Heart is with you Sally. Please keep us posted, and do check out Facing History and Ourselves.


message 29: by Sallys (new)

Sallys | 694 comments So I had a great discussion with my kids and I hope we all learned from it. The stories from the two boys who supposedly built the concentration camps keeps changing (he said it looked like a concentration camp). I showed them a film with survivors speaking about their experiences and we discussed apathy and indifference. So I feel good and am ready to move on. Thanks again for all of your suggestions and support. It helped a lot.


message 30: by Robin P (last edited May 23, 2022 02:22PM) (new)

Robin P | 5753 comments You are obviously a great teacher and you were able to use this negative action for a good outcome and teach the whole class something.

PBT is a great community.
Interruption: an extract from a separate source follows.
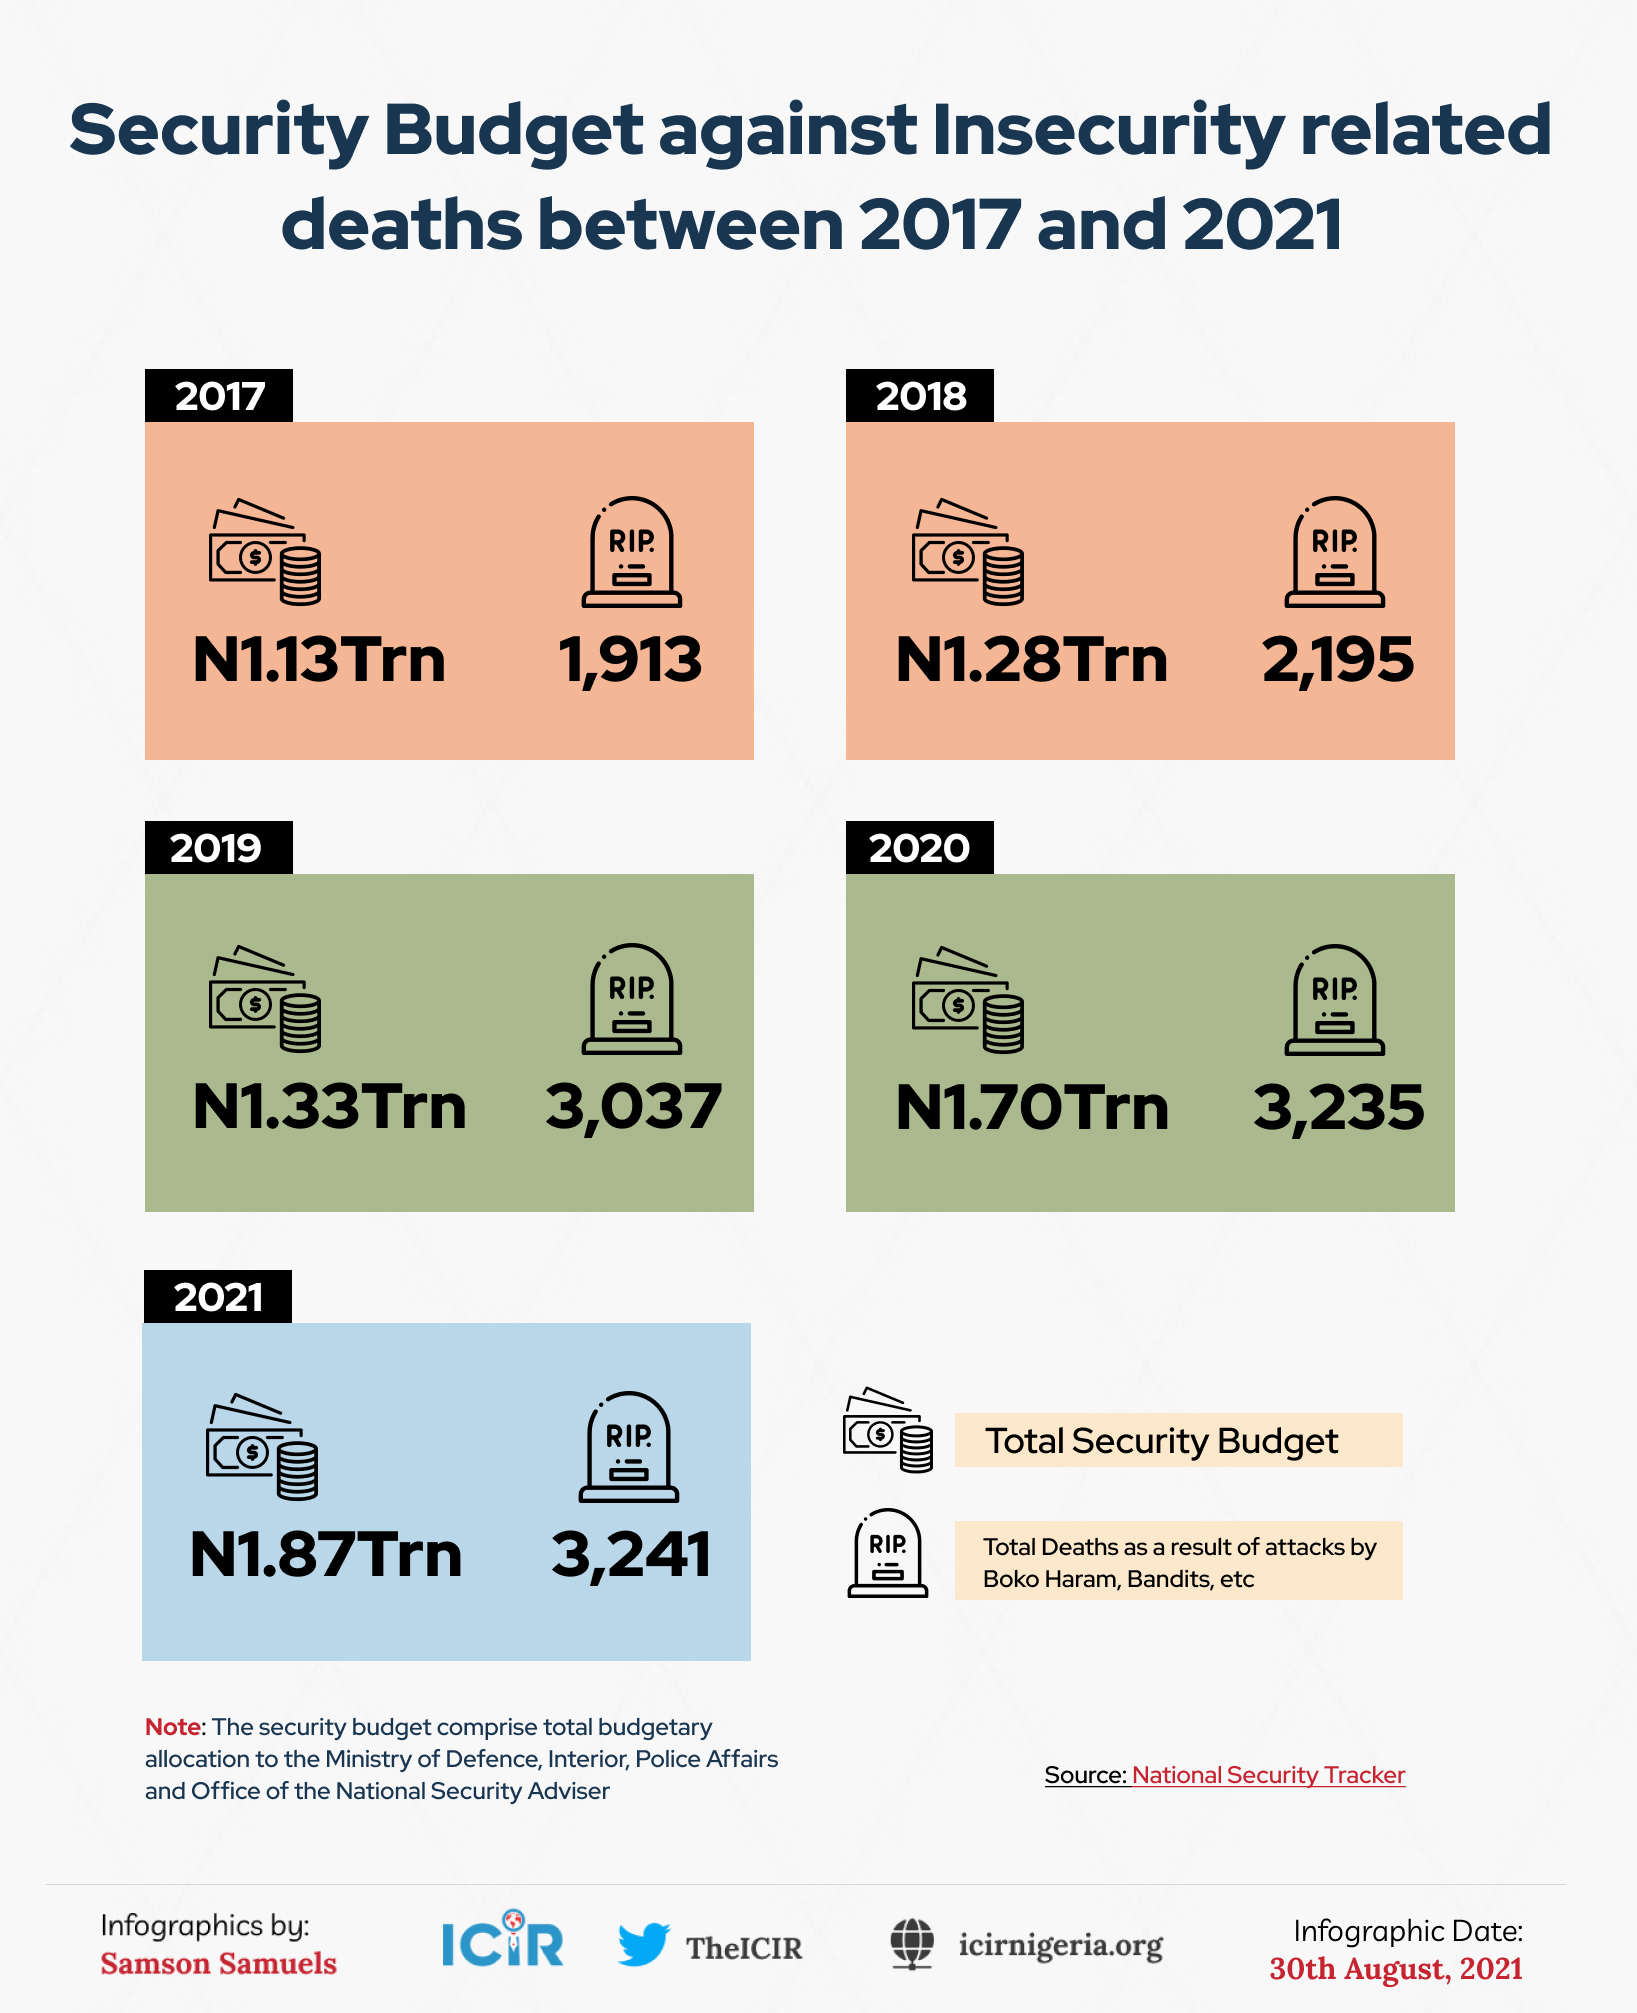 Security budget against security-related deaths between 2017 and 2021

In 2020 when so many things were canceled, I think I shared more with this group than with a lot of my “real-life” friends.
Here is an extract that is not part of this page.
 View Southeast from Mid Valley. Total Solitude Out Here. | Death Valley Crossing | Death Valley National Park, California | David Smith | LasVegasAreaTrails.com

message 31: by Andie (new)

Andie | 42 comments Thank you for letting us know how it went, Sally. So thankful you found a way through to making this a true teaching moment - you never know when the seeds planted today will make a difference in the future. I hope you get a good sleep tonight!


message 32: by Peacejanz (new)

Peacejanz | 1015 comments I agree with Andie. Hooray for you. Students that I taught in high school over 50 years ago just had a huge reunion (covering the first 8 years of the life of the school). I could not physically attend but they hooked me up with a Zoom call from any of the students who wanted to share - it was a great time and made me feel good. They said things like I inspired them to think deeper and to enjoy learning. It was a blessing for me. One student wrote me - "you changed my life, I never thanked you then. Now I thank you." So, you never know - your thanks can come 50 years later. I feel so good about you and your concern for those students. I thank you for improving my society and world. peace, janz


message 33: by Book Concierge (new)

Book Concierge (tessabookconcierge) | 8416 comments Sallys wrote: "So I had a great discussion with my kids and I hope we all learned from it. The stories from the two boys who supposedly built the concentration camps keeps changing (he said it looked like a conce..."

Wonderful to hear that you and your students had a positive outcome and a great learning experience from this incident.